Credit Score Simulator: Credit Bureau Secret Formula
Understand the credit score simulator
used by big credit bureaus to calculate your score.
It’s the first step towards good credit.
Sometimes, it’s hard to know where to start when you’re trying to fix your credit.
A great first step is to look at the credit bureau formula, which is the equation used to calculate your score. It’s a bit like peeking at the answers in the back of a schoolbook, but this time it’s not cheating. It’s smart strategy.
We’ll help you understand the formula. It’s simpler than you might think. Plus, we’ll arm you with action steps you can take right away to move the credit needle from poor to fair to good.
Credit score simulator, the credit bureau’s secret formula
The big three credit bureaus in the United States are Experian, TransUnion and Equifax. Each bureau has a slightly different proprietary formula, but all the formulas are basically the same. We’ll focus on the FICO® Score from Experian. This is the oldest credit bureau, and their score is the most widely used by lenders making credit decisions.
Many people are surprised when they see that the FICO Score is based on a simple formula with 3 major components and 2 minor components.
- Payment history (high impact, 35% of score)
- Credit card use (high impact, 30% of score)
- Average age of accounts (medium impact, 15% of score)
- Credit mix (low impact, 10% of score)
- Hard inquiries for new credit accounts (low impact, 10% of score)
The first 2 components of the credit score simulator are payment history and credit card use. These are the high impact pieces to the puzzle. They make up 65% of your total score, so that’s where you want to focus your energy when you’re working on your credit score.
Start by subscribing to a free credit report. It will tell you your current score and provide monthly updates to measure your progress.
Scroll down to read more about each part to the formula, plus some action steps you can take to improve your score in each area.
1. Payment History – 35%
Your payment history is the single most important piece of your credit score. It tracks how often a bill gets paid late. It also tracks when an account gets sent to a collections agency. These are sometimes referred to as derogatory marks.
Action Step #1: Make the minimum monthly payment on-time, every-time.
Action Step #2: Work with a credit repair agency to remove any derogatory marks from your credit bureau report. Top agencies have an outstanding track record getting old marks taken off the report, which increases your score right away.
2. Credit Card Use – 30%
Credit card use is almost as important as your payment history. This is the percentage of your credit limit that you use each month. It is calculated by dividing your unpaid card charges by the credit limit on that card. 0% to 29% credit card use is considered good. 30% to 49% is considered a yellow flag. And anything over 50% is considered a red flag.
Here’s an example of how it works. If the credit limit on your credit card is $1,000, then you cannot charge more than $290 (or 29% of the credit limit) without making a payment on the card. Otherwise, your credit score will go down.

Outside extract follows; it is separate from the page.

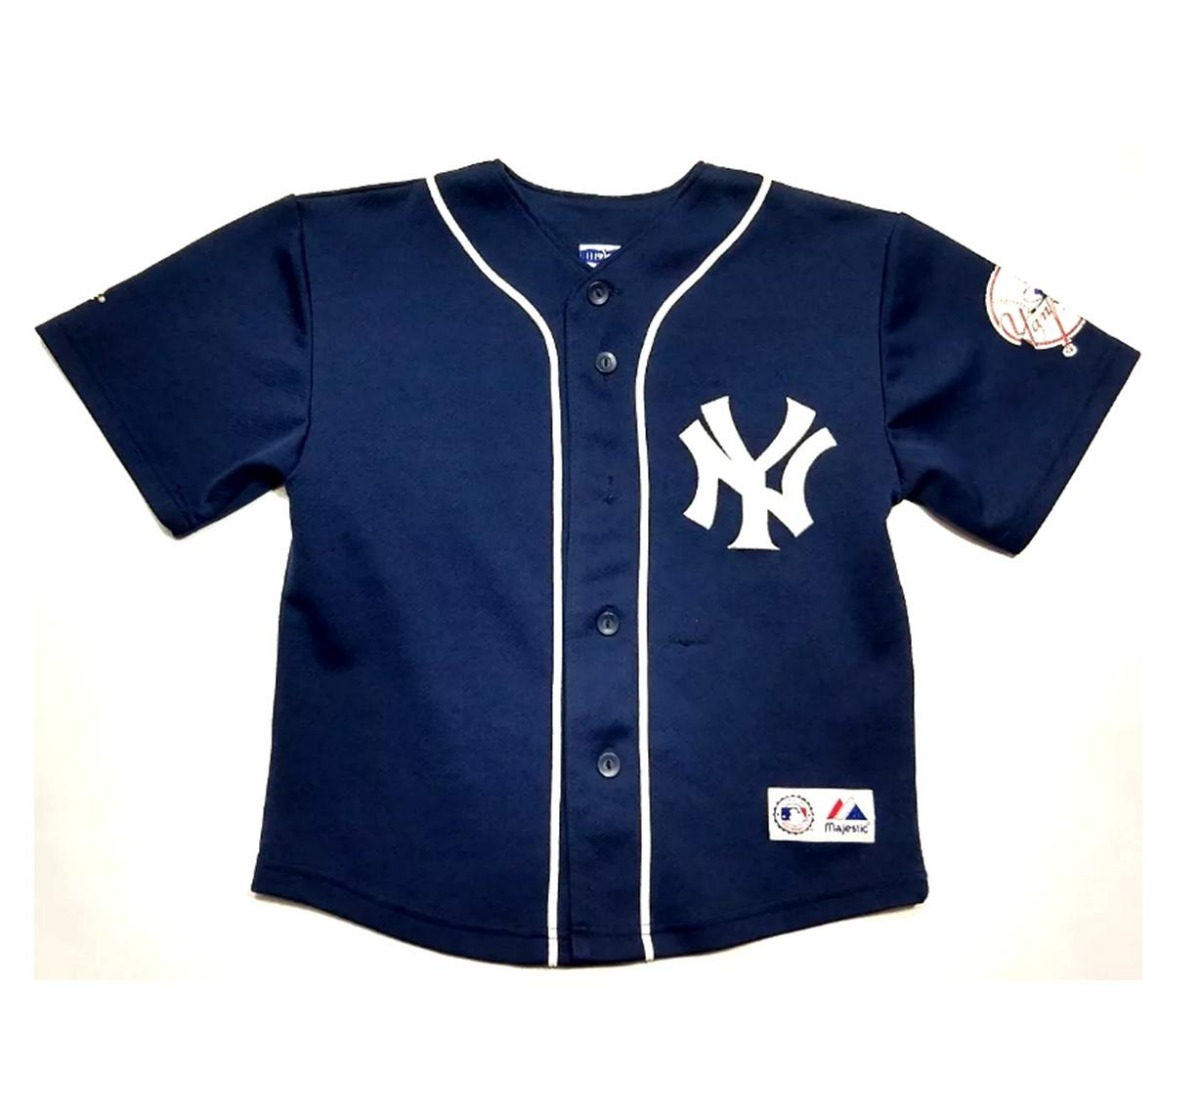 6299d8d7a casaca baseball new york yankees niño majestic jeter 2. Cargando zoom.

Action Step #1: Pay down any outstanding balances until they are less than 29% of your credit limit.
Action Step #2: Send your monthly payment before the date your balance is reported to the credit bureaus, instead of waiting for the due date on the monthly statement. A free credit monitoring service like Credit Karma will tell you the date when your bank reports your balance. This move will increase your credit score right away.
Action Step #3: Contact your credit card company and tell the customer service rep you’d like to increase your credit limit. This move will improve your credit score right away, because a larger credit limit automatically reduces the percentage of total credit use. Credit card companies will normally increase your limit after 6 months of on-time payments, but you may need to call the number on the back of the card to ask for the increase.
3. Average Age of Accounts – 15%
Lenders like to look at the average age of all your credit accounts, because it tells them how many other banks consider you to be a good credit risk. This is a category where more is better.
Action Step: Do not close an account, even after you pay off the balance. And be sure to use each credit card once or twice a year to keep the account active.
4. Credit Mix – 10%
Lenders like to see different types of credit accounts on your credit bureau report. This can include credit cards, car loans, mortgages, student loans or personal loans.
Action Step: If you already have a few credit cards, then consider adding a different type of loan. For example, apply for a personal loan to pay off high interest credit card balances. Or apply for an auto loan to cover the cost of a car.
5. Hard Inquiries – 10%
Lenders check your credit bureau report when you apply for a new credit card, personal loan, or any other type of credit account. This is referred to as a hard inquiry, and more than 5 inquiries in a 2-year period (24 months) is considered a red flag. Lenders call it the 5/24 Rule. They are more likely to approve applications with fewer requests for new credit.
Action Step: Double check the number of hard inquiries on your credit report before you apply for a new loan or credit card. You can use a free credit monitoring service to check on your hard inquiries. Make sure there are no more than 5 credit inquires during the past 24 months. Older inquiries should drop off the report automatically after 24 months.
Summary of credit score simulator
When you know how the credit bureaus calculate your credit score, you also know how to improve your score. The action steps are simple and straight forward. The tough part is taking consistent action every single month. It requires discipline, but you will be motivated to keep going when you see your score go up a few more points each month.